Two generations ago, when Dr. King issued a stinging indictment of the inequalities of the health of Americans, I had no idea how much his words would affect my life, or all of our lives. He said, “Of all the forms of inequality, injustice in health is the most shocking and the most inhumane.”

He was spot on then and it’s spot on today. America simply cannot reconcile the differences that divide us without also reconciling the inequality and injustice that’s embedded so deeply in the health and health care of our people.

Some 40 years after my brush with Dr. King, I was asked to lead a study on racial and ethnic disparities in health care for the Institutes of Medicine. We found that gaping inequities in health care are rampant among people of different races — even when income, education and insurance status are the same.

Just a few months ago, the U.S. Department of Health and Human Services reported that racial and ethnic minorities are less likely to get the preventive care they need to stay healthy, more likely to suffer from serious illnesses and are less likely to have access to quality health care when they get sick.

In mainstream white America, most people presume that a certain level of support and care is ready and waiting for them when and where they need it. They just assume — correctly — that it’s going to be there no matter what.

That’s not the case for people of color.   Hispanics and African Americans in this region and across the nation are disproportionately uninsured. Hispanic and Vietnamese women contract cervical cancer at twice the rate of white women. American Indians suffer from diabetes at more than twice the rate of the white population. Blacks living with diabetes are more likely to go blind, have feet and legs amputated, and fall into end-stage renal failure than are whites with diabetes.

The U.S. Census Bureau tells us that in less than 30 years, more than half of the nation’s working-age population will be people of color. That may sound like it’s a long way off, but unless we make giant strides forward, and fast, America’s midcentury workforce will be less healthy and our nation’s competitiveness will erode.

Half a century after Dr. King delivered his message, we still have not ingrained the wisdom of his words into our health-care system: “Whatever affects one directly, affects all indirectly … I can never be what I ought to be until you are what you ought to be.”

Regardless of one’s own health and insurance status, we are all affected by poor-quality, high-cost care and a health system that treats people differently.
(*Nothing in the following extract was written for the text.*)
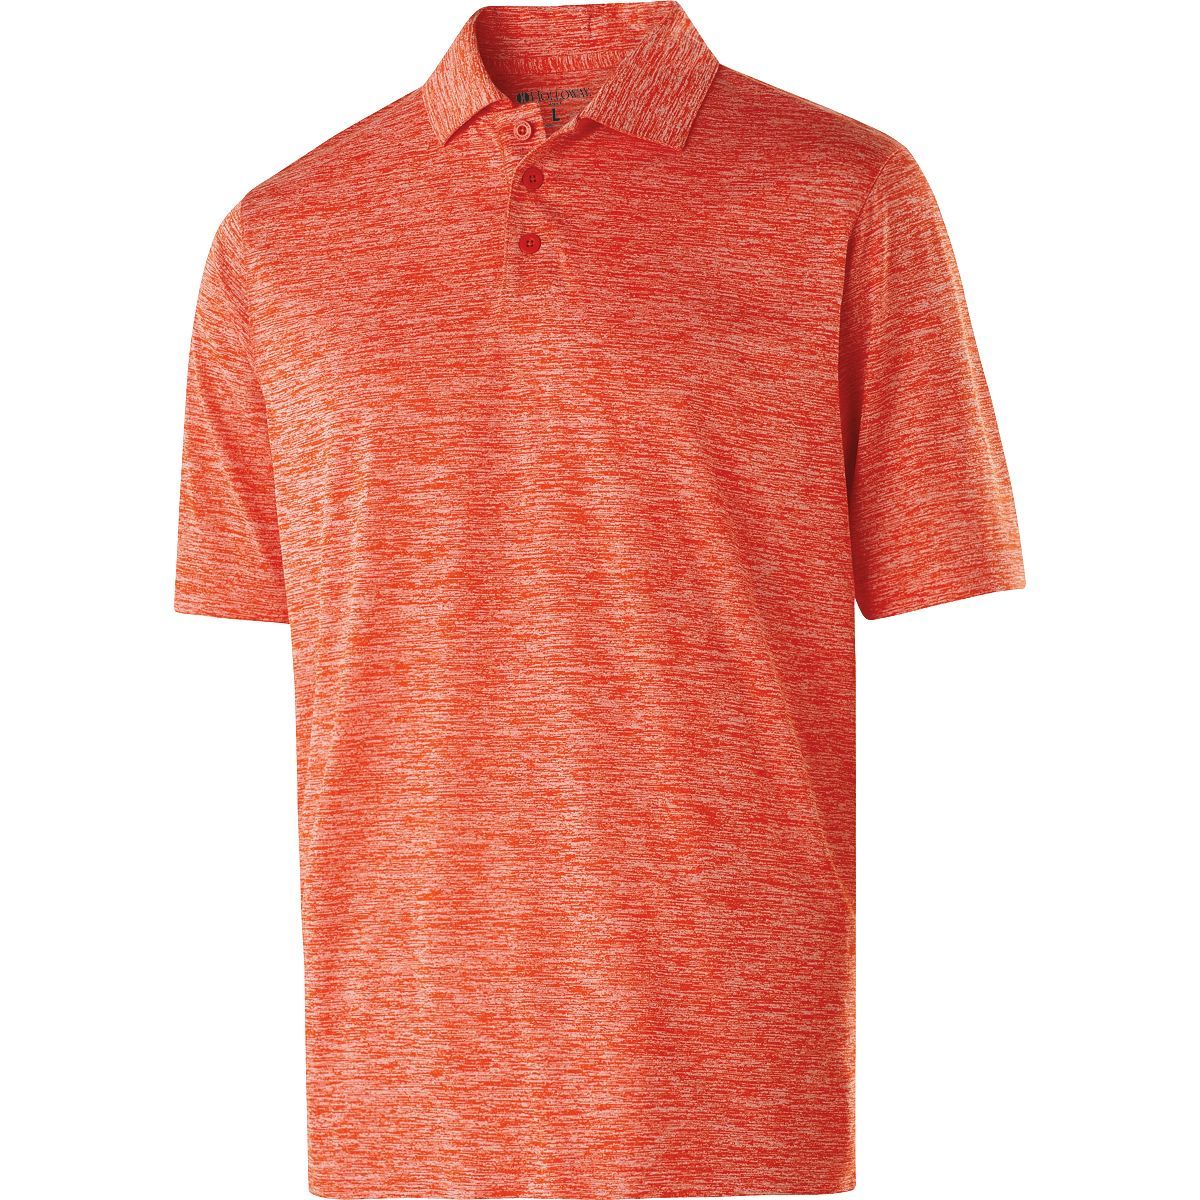 Holloway Electrify 2.0 Polo in Orange Heather  -Part of the Adult, Adult-Polos, Polos, Holloway, Shirts product lines at KanaleyCreations.com

Until the inequities in care are eliminated, we will all struggle to reach the mountaintop.

Raised in Seattle, Risa Lavizzo-Mourey is president and CEO of the Princeton, N.J.,-based Robert Wood Johnson Foundation, America’s largest philanthropy focused exclusively on health and health care. Her mother, pediatrician Blanche Lavizzo, was the first medical director of the Odessa Brown Children’s Clinic in Seattle.